Radio Frequency Interference (RFI) detection and mitigation is critical for enabling and maximising the scientific output of radio telescopes. The emergence of machine learning methods capable of handling large datasets has led to their application in radio astronomy, particularly in RFI detection. Spiking Neural Networks (SNNs), inspired by biological systems, are well-suited for processing spatio-temporal data. This study introduces the first application of SNNs to an astronomical data-processing task, specifically RFI detection. We adapt the nearest-latent-neighbours (NLN) algorithm and auto-encoder architecture proposed by previous authors to SNN execution by direct ANN2SNN conversion, enabling simplified downstream RFI detection by sampling the naturally varying latent space from the internal spiking neurons. We evaluate performance with the simulated HERA telescope and hand-labelled LOFAR dataset that the original authors provided. We additionally evaluate performance with a new MeerKAT-inspired simulation dataset. This dataset focuses on satellite-based RFI, an increasingly important class of RFI and is, therefore, an additional contribution. Our SNN approach remains competitive with the original NLN algorithm and AOFlagger in AUROC, AUPRC and F1 scores for the HERA dataset but exhibits difficulty in the LOFAR and MeerKAT datasets. However, our method maintains this performance while completely removing the compute and memory-intense latent sampling step found in NLN. This work demonstrates the viability of SNNs as a promising avenue for machine-learning-based RFI detection in radio telescopes by establishing a minimal performance baseline on traditional and nascent satellite-based RFI sources and is the first work to our knowledge to apply SNNs in astronomy.

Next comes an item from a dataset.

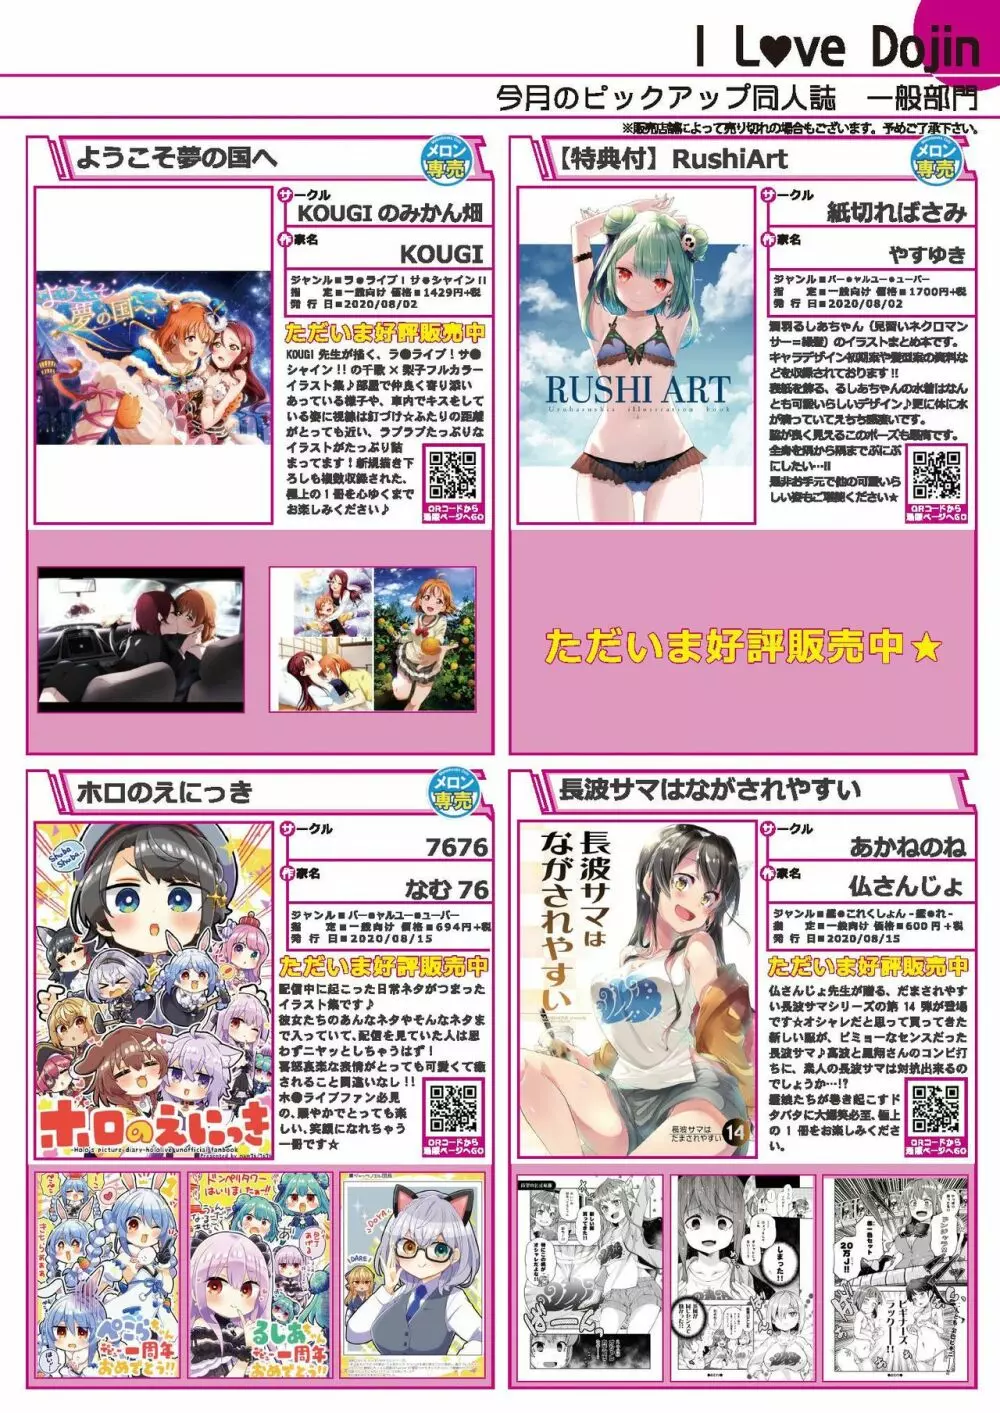 月刊うりぼうざっか店 2020年9月4日発行号 11ページ

翻译：射频干扰（RFI）的检测与抑制对于保障和最大化射电望远镜的科学产出至关重要。能够处理大规模数据集的机器学习方法的出现，推动了其在射电天文学中的应用，特别是在RFI检测领域。受生物系统启发的脉冲神经网络（SNN）非常适合处理时空数据。本研究首次将SNN应用于天文数据处理任务，具体为RFI检测。我们通过直接的人工神经网络到脉冲神经网络（ANN2SNN）转换，将先前研究者提出的最近邻潜在（NLN）算法和自编码器架构适配至SNN执行，通过从内部脉冲神经元的自然变化隐空间采样，实现了简化的下游RFI检测。我们使用原始研究者提供的模拟HERA望远镜和人工标注的LOFAR数据集评估性能，同时基于新型MeerKAT模拟数据集（聚焦于日益重要的卫星RFI类别）进行额外评估，这构成了本研究的另一项贡献。在HERA数据集上，我们的SNN方法在AUROC、AUPRC和F1评分方面与原始NLN算法及AOFlagger保持竞争力，但在LOFAR和MeerKAT数据集中表现存在困难。然而，该方法在维持性能的同时，完全消除了NLN中计算与内存密集的隐采样步骤。本研究通过建立传统及新兴卫星RFI源的最小性能基线，证明了SNN作为射电望远镜中基于机器学习的RFI检测可行方向的有效性，据我们所知，这也是首次将SNN应用于天文学领域的研究工作。